Seperti bisa dilihat dari tabel di atas, yang menunjukkan bahwa puncak sebuah novel visual mulai naik adalah sejak tahun 2003 dengan unit yang terjual sebanyak 9.500.000 unit, bahkan Hirameki International (salah satu perusahaan yang membawa novel visual Jepang ke Bahasa Inggris) mengatakan bahwa di tahun 2006 saja memenuhi hampir 70% gim-gim yang rilis di tahun tersebut, tetapi dengan semakin meningkatnya teknologi novel visual khusus untuk mobile meningkat, yang mana mulai produsen novel visual merilis game mereka dalam port mobile terutama IOS dan Android seperti Hatsuyuki Sakura dari Saga Planets atau pun Suika dan Da Capo dari Circus. Namun, tentu saja port novel visual tidak hanya untuk mobile saja, tetapi juga dikembangkan untuk platform konsol. Contohnya seperti pengembang Akatsuki Works yang merilis Hello Lady untuk PS4, atau seri Utawarerumono dan White Album 2 yang dirilis oleh Aquaplus untuk PS4, Maitetsu dari Lose untuk Nintendo Switch, dan seterusnya.

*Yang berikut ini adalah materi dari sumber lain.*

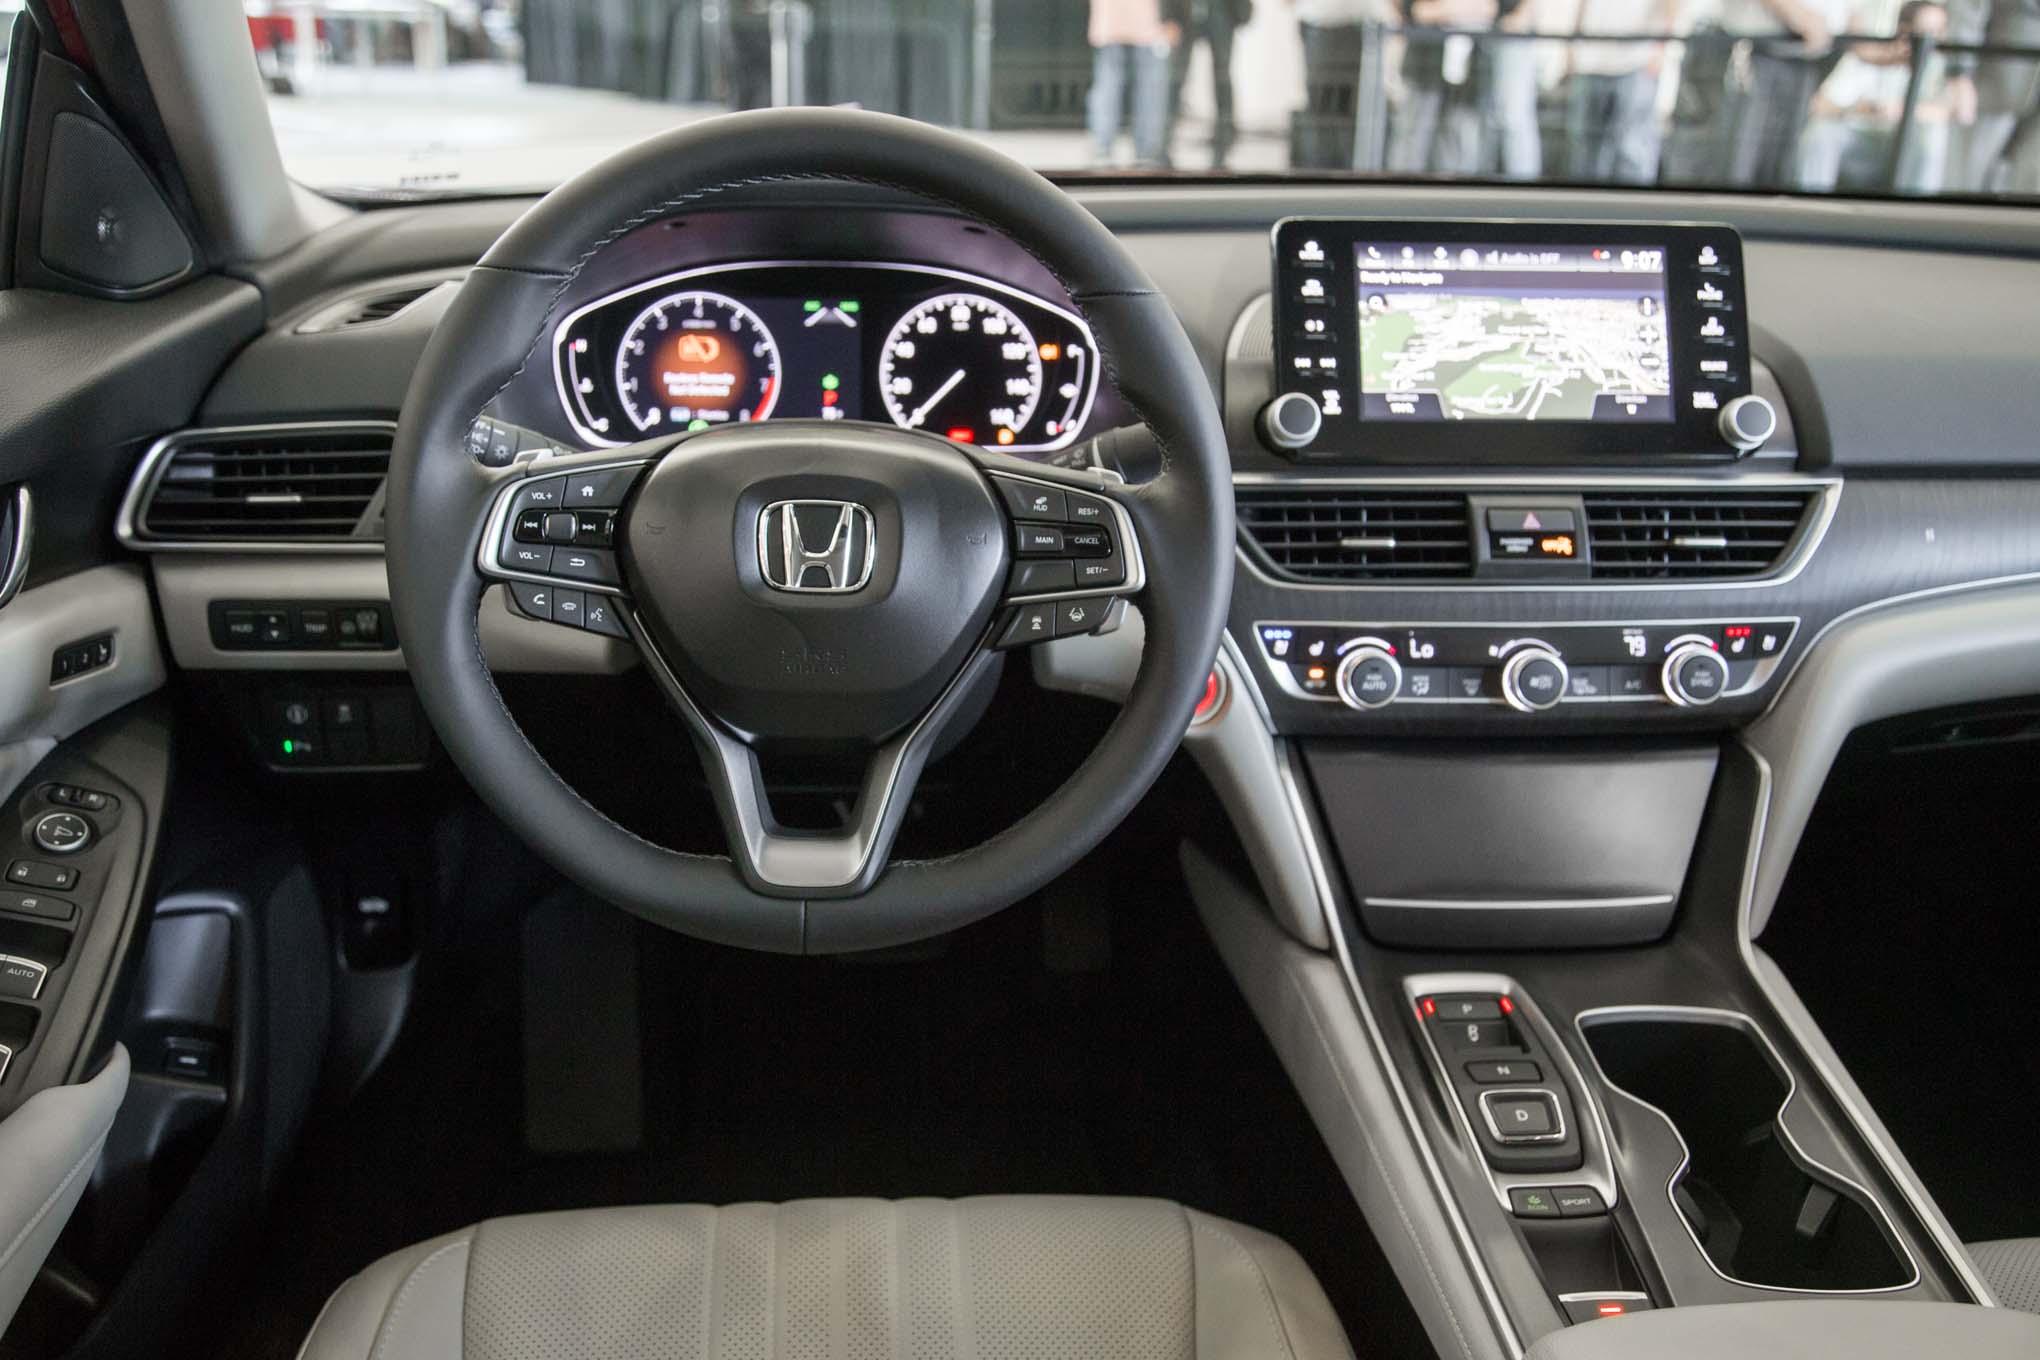 Honda Accord 2018 года: очередной «аккордовский» супер проект!

CEO Sol Press Michael Valdez mengatakan bahwa suatu novel visual mengalami proses yang panjang di mana mereka harus melokalisasi selama enam bulan dan harus melampaui target. Ini juga dibuktikan dengan proses produksi novel visual yang panjang, dari perencanaan skenario sampai merilis novel visual mereka. Terkadang hari perilisan bisa diundur demi menyempurnakan novel visual yang akan dirilis tersebut, seperti novel visual dari Cabbit berjudul Kagi wo Kakushita Kago no Tori yang sempat ditunda dua kali perilisannya.

Lanjut kembali, di Jepang sendiri industri novel visual ini masuk dibilang cukup stabil meskipun era mobage mulai terkenal sejak 2015 berdasarkan tabel di atas sebelumnya, hal itu dibantu juga dengan jumlah data dari jumlah toko yang menjual novel visual ini, yang memberi harapan bahwa industri ini dapat bertahan untuk beberapa tahun ke depan. Di mana bisa dilihat bahwa daerah Osaka, Tokyo, dan Aichi mempunyai jumlah toko yang sangat banyak.
Sedangkan industri novel visual di Barat telah mengalami perubahan signifikan, di mana sudah banyak novel visual yang sudah dirilis dalam bahasa Inggris secara resmi di Steam, seperti yang terbaru ini ada Ao no Kanata no Four Rhythm yang dibawakan oleh Nekonyan, Bokuten – Why I Became a Angel (Boku ga Tenshi ni Natta Wake) yang dibawakan oleh Mangagamer, Winter Polaris dari stage-nana yang dibawakan oleh Sekai Project, dan lain-lain.
Memperhatikan hal-hal tersebut, pendapat-pendapat yang mengatakan bahwa industri ini memang mengalami kemunduran mungkin saja ada benarnya, namun tidak sesuram yang diperkirakan orang. Namun “musim dingin” ini masih bisa bertahan sampai beberapa tahun ke depan, tetapi hal ini tidak perlu terlalu menjadi kekhawatiran, karena fenomena naik-turun seperti ini adalah hal yang wajar dan lazim terjadi, apapun industri dan produknya.